- Directed by: Ranjith
- Written by: Ranjith
- Produced by: Valiyaveettil Siraj
- Starring: Mammootty Sreenivasan Siddique Nedumudi Venu Thilakan
- Cinematography: Alagappan N.
- Edited by: L. Bhoominathan
- Music by: Thej Mervin
- Production company: Valiyaveettil Movie International
- Distributed by: S Pictures
- Release date: 16 June 2006;
- Running time: 145 minutes
- Country: India
- Language: Malayalam

= Prajapathi =

2006 Indian film

Prajapathi is a 2006 Malayalam-language action drama film written and directed by Ranjith. It stars Mammootty, Sreenivasan, Siddique, Nedumudi Venu and Thilakan. The music was by Tej Manoj. The film marks Aditi Rao Hydari's feature film debut. The film was shot close to Gopichettipalayam in Tamil Nadu.

== Plot ==
Devarmadom Narayanan is accused of killing his father Ramankutty, for being cruel to his loving mother, at the age of 13 and serves a sentence in a juvenile home. When he returns, he becomes leader of the people of Perumalpuram village. He ensures the village is devoid of all wrongdoers by expelling them. His adversaries are his uncle Muppil Kunjambu Nair and wife Indrani. Kunjambu hated Narayanan for killing his brother, although Kunjambu and his eldest son Giri tried in many ways to kill Narayanan. At one point, Giri almost succeeded in nearly killing Narayanan. Narayanan again did not react. He was on good terms with Kunjambu's daughter and his cousin. Giri tries to sell his land in Perumalpuram to some outsider whose arrival, Narayanan knew, would destroy the harmony of the village. That is when Narayanan decides to react.
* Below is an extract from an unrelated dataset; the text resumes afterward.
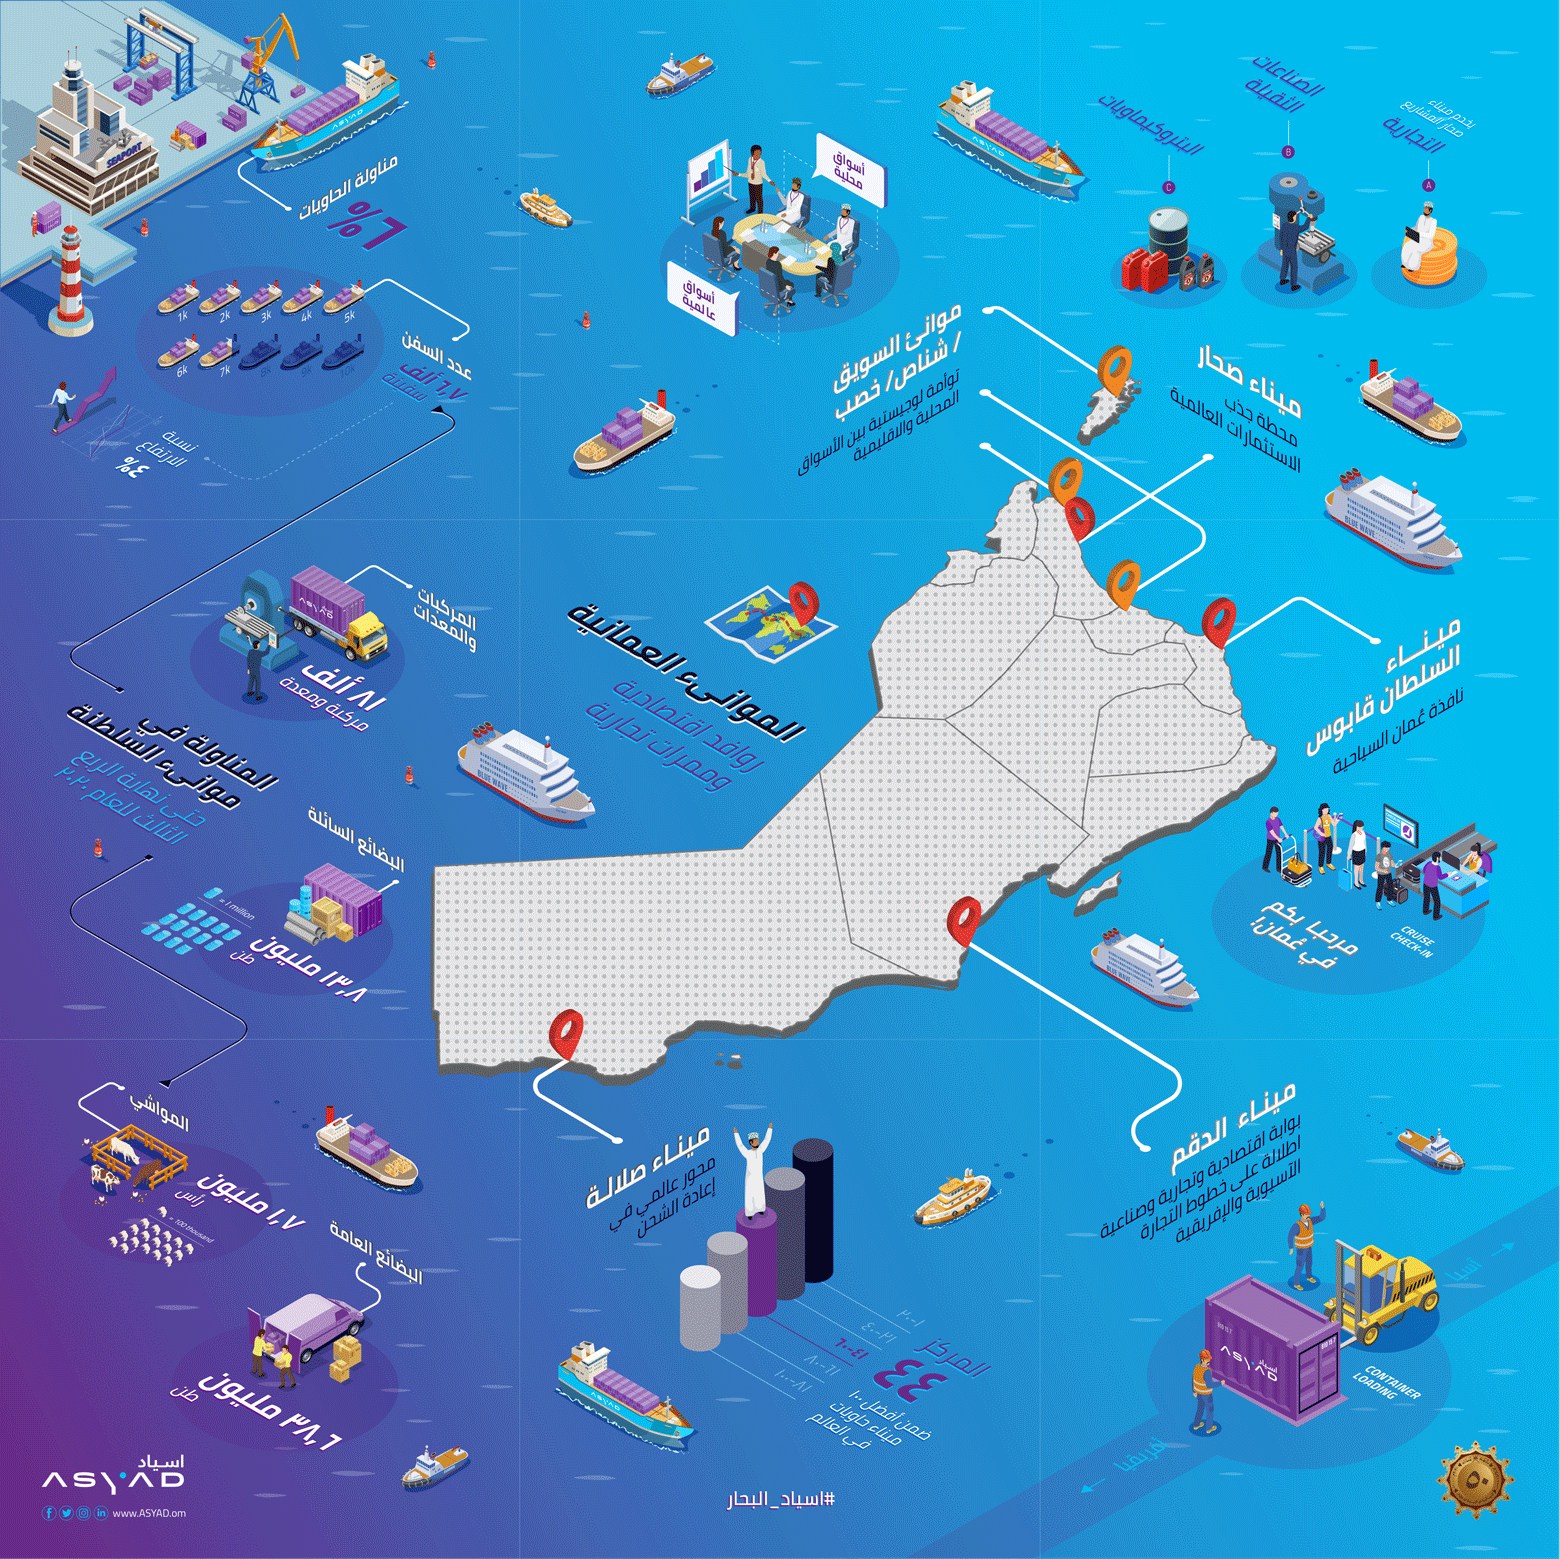 Wafa’ highlighted brand details in her isometric illustration of this campaign, apparent in the ships, containers, and human characters.
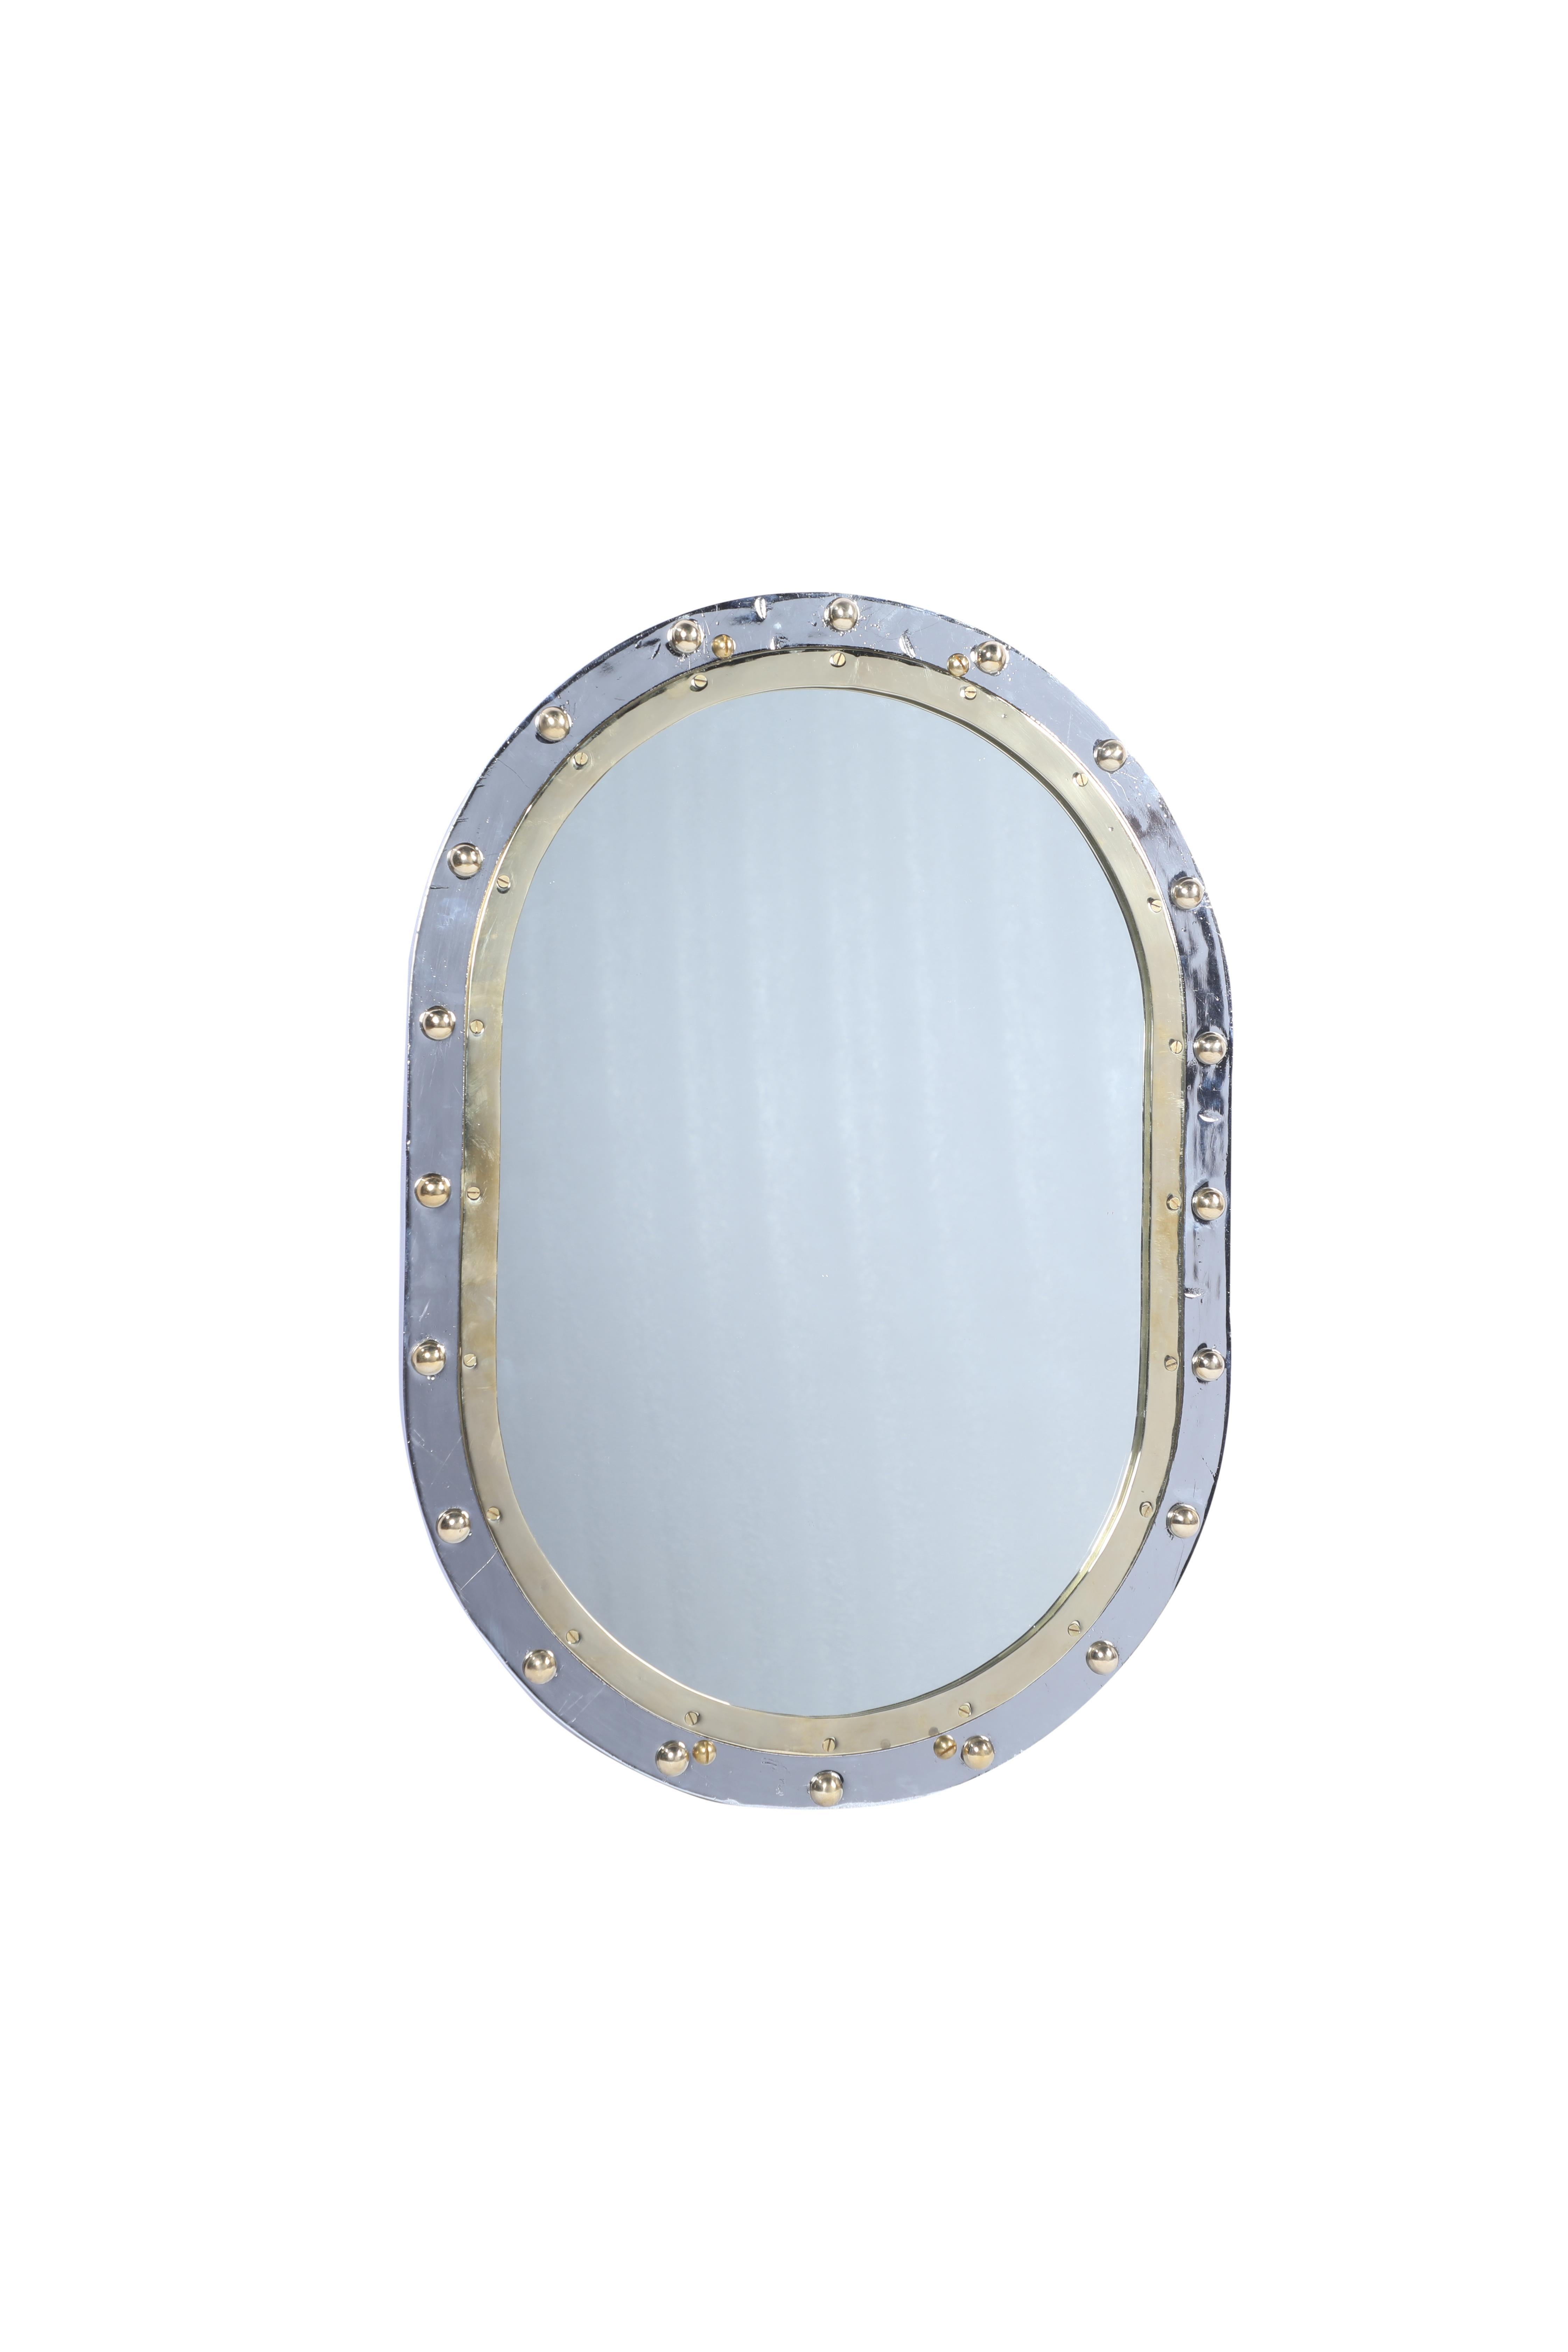 From a decommissioned ship, an oval fixed porthole window in a combination of chrome and brass converted by us into a mirror. Classic styling. Rivets were added as these come out when taken off ships. Two brass supports on the back for hanging and

It turns out that Kunjambu was the one who actually killed his father for their wealth. Narayanan helps Ali Raghavan, the real son of Kunjambu, to gain his birthright. When Giri finds that he is the stepson of Kunjambu, he kills Kunjambu. The family drives him away from home with the help of Narayanan. The rest of the film is about if and how Giri takes revenge on Narayanan. And Giri is defeated by Narayanan during the fight. But unexpectedly, Giri is killed by Kumaran.

== Cast ==

- Mammootty as Adv. Devarmadom Narayanan
- Siddique as Kaliyarmadom Giri, The main antagonist
- Sreenivasan as Ali Raghavan
- Nedumudi Venu as Muppil Kunjambu Nair
- Thilakan as Vellodi
- Aditi Rao Hydari as Savithri
- Sandhya as Vasanthi
- Sai Kumar as MLA Kuttykrishnan
- Seema as Indrani
- Abu Salim as Kaatti a.k.a. Krishnankutty
- Sadiq as Latheef
- Ajith Kollam as Kunjachan
- Maniyanpilla Raju as Kumaran
- Kanya Bharathi as Devaki
- Bheeman Raghu as SP Ramachandran IPS
- Augustine as Rowther
- Kunchan as Nambiar
- T. P. Madhavan as Appa Swami
- Vijayan Karanthoor as Rajappan
- Jayan Cherthala as Jagathan
- K.V. Manjulan as Sugunan
- Bineesh Kodiyeri as Santhosh
- Anil Murali as Peethambaran
- T.S. Raju as Muppil Ramankutty Nair
- T. G. Ravi as Velappan Mooshari
- Rekha as Subhadra
- Salim Kumar as Power Star Manohar/ Manoharan Kumbalangi
- Daisy Bopanna as Film Actress
- V. K. Sreeraman as Gangadhara Menon
- Madhupal as Vijayan, Film Director
- Baburaj as CI Salim
- Ponnambalam as Vanangamudi
- Rajesh Hebbar as Rajmohan, Assistant Director
- Kalabhavan Rahman as SI Basheer
- Santha Devi
- Aravind Akash as Dance master
- Ambika Mohan as Radhika
- Vijayan Peringode as Nambiar

== Soundtrack ==
The film's soundtrack contains five songs, all composed by Thej Mervin, with lyrics by Gireesh Puthenchery.

| # | Title | Singer(s) |
|---|---|---|
| 1 | "Kuthira" | M. G. Sreekumar |
| 2 | "Madhuram" | K. S. Chitra |
| 3 | "Oru Penkidaavu" | Jassie Gift |
| 4 | "Oru Penkidaavu (D)" | Sayanora Philip, Jassie Gift, Sujatha Mohan, Chorus |
| 5 | "Prajaapathy" | M. G. Sreekumar |

== Reception ==
Rediff.com rated 1.5 out of 5 stars and wrote that "this film is a repeat of his older films; you see bits and pieces of almost all his successful films as a writer first and director later".